There was still time for her true calling, though. There were plenty of days ahead of Mia to write that Great American Novel. If only she had more stamina after coming home from the office.
But her Orion—worth his six pounds, eleven ounces in gold.
#
Jake realized their family had never once sprawled out on a bed of grass, their eyes staring up into the black quilt pinpricked with diamonds. He had failed at so much, including pointing out his son’s namesake.
#
She could survive a few weeks living with her mother. Mia could find a new job in her old town, the same predictable place where she was born. Snow in winter. Fireflies in summer. Trees shades of fire in autumn.
Disenchantment, the only season she and Jake had weathered in sunny Florida. She’d said she would follow him to the goddamn ends of the earth if it made him happy. The first time Mia saw him all those years ago, she’d been starstruck. She loved the hair his parents hated: long and dyed aquamarine, shaved on one side.
Jake’s hair had thinned with age, the cyan yielding to browns and grays. The shaved hairs her fingertips had caressed during sex, long gone.
Goodbye.
Fare-thee-well.
Toodle-oo.
When had they last kissed? How long had it been since Jake had touched her beyond a halfhearted, one-armed hug?

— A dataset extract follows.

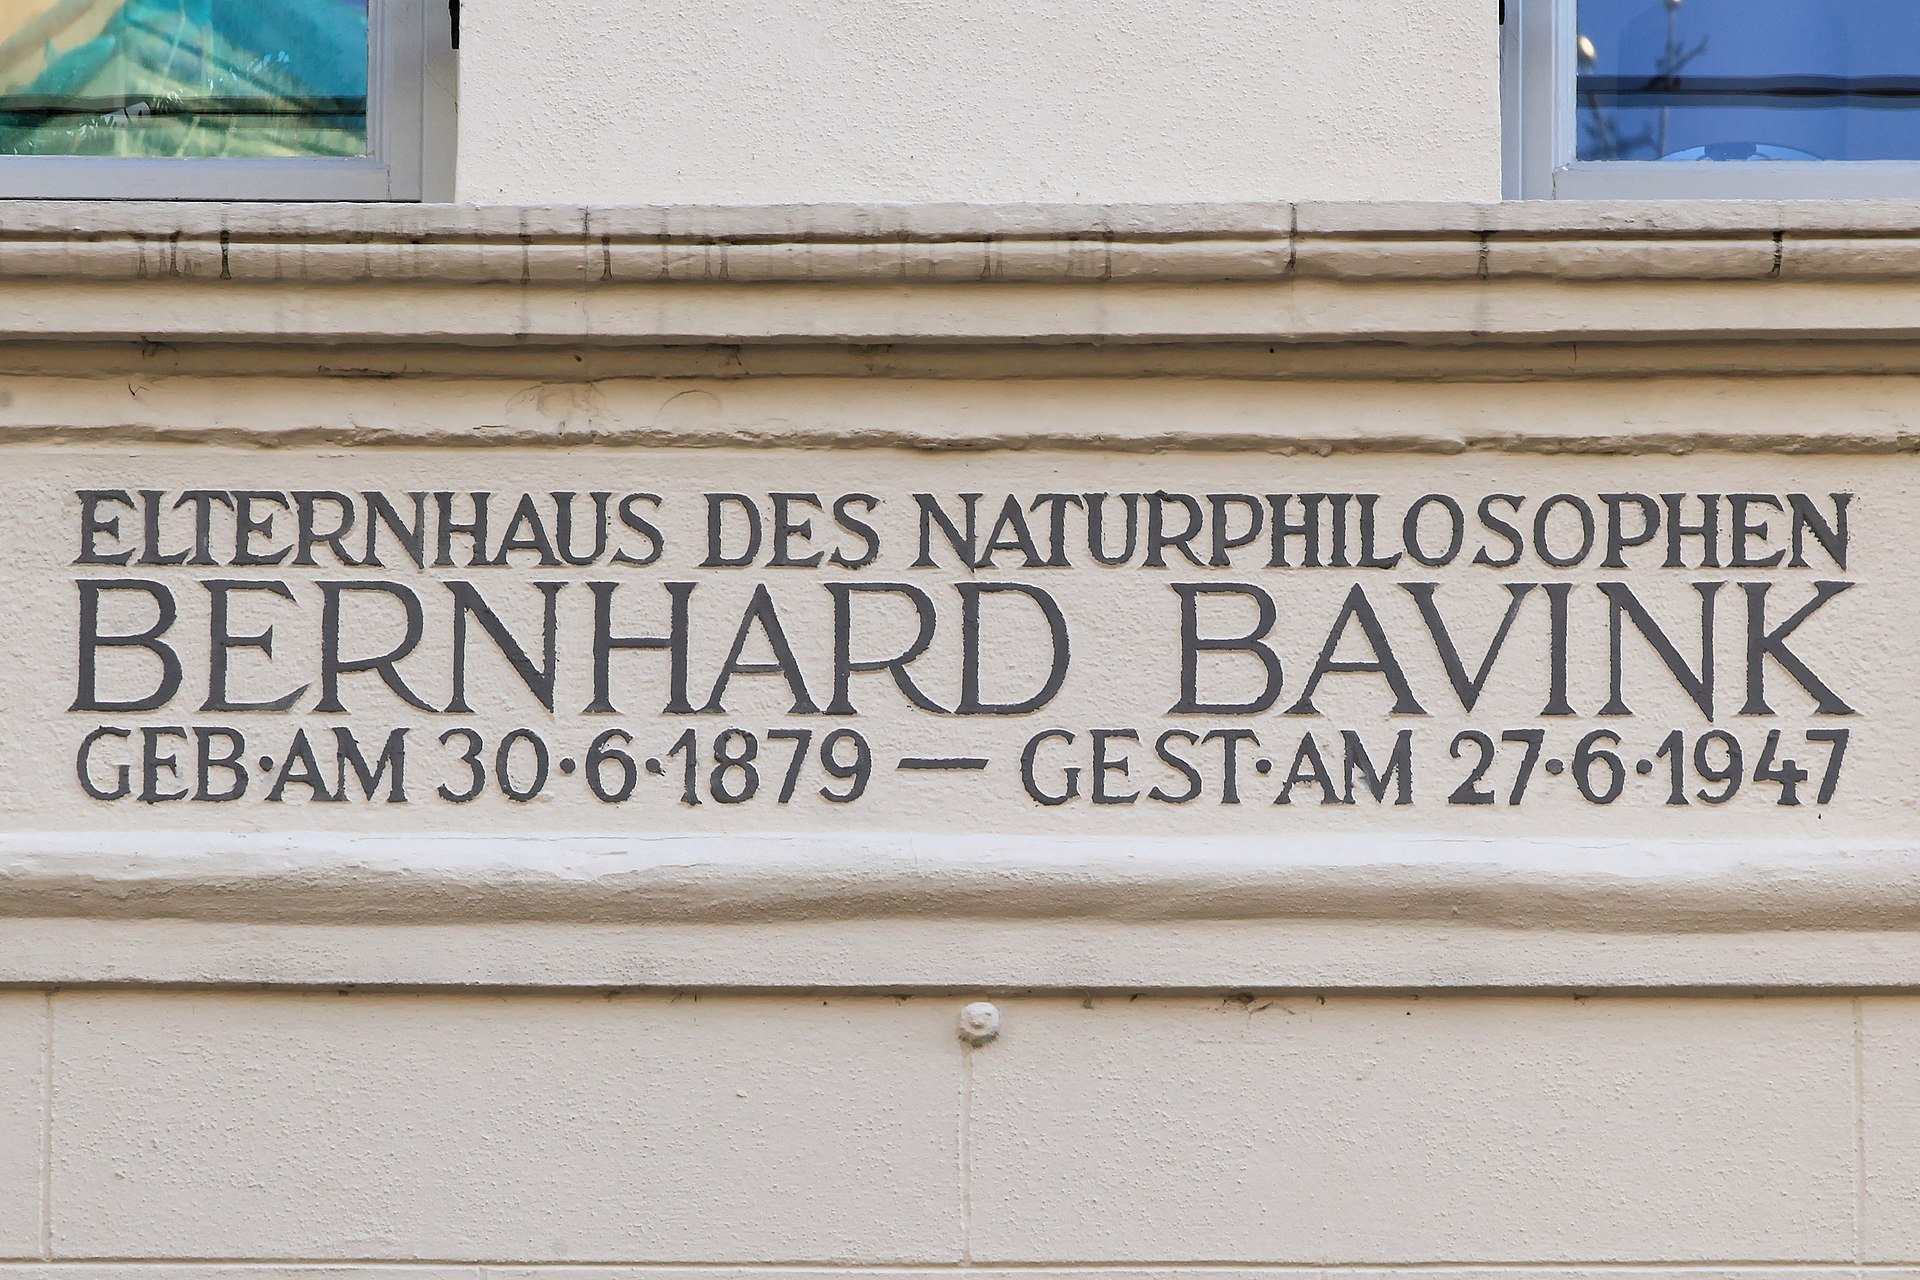 Bernhard Bavink ein Wegbereiter menschenverachtender Ideologien

Mia and Orion had just passed the birthplace of James Dean, symbol of freedom and lust and youth. Thank God they were less than an hour from crossing the Michigan line.
Orion squealed, “Mommy, mommy, I gotta go potty!”
They had pulled over thirty minutes ago. Mia yelled at him for repeatedly turning on the bathroom hand driers, then laughing and plugging his ears from their deafening sound.
The air outside had cooled and the sky’s blue had softened. In the parking lot of the rest stop, Orion did something she and Jake had absolutely-positively forbidden him to do. He let go of Mommy or Daddy’s hand in a strange place full of strangers.
Orion dropped his prized stuffed animal and ran ahead in a terrifying blur. Before she scooped up Lamb-Lambs and ran after him, Mia paused to shield her eyes from the dying sun. She didn’t like Jake and she also knew she’d never stop loving him. All the king’s horses and all the king’s men could not put her heart back together again.
From the sidewalk, enveloped by twilight, Mia saw her destiny. There her sweet Orion was, safe and sound, peeking at her from around the side of an out-of-order vending machine.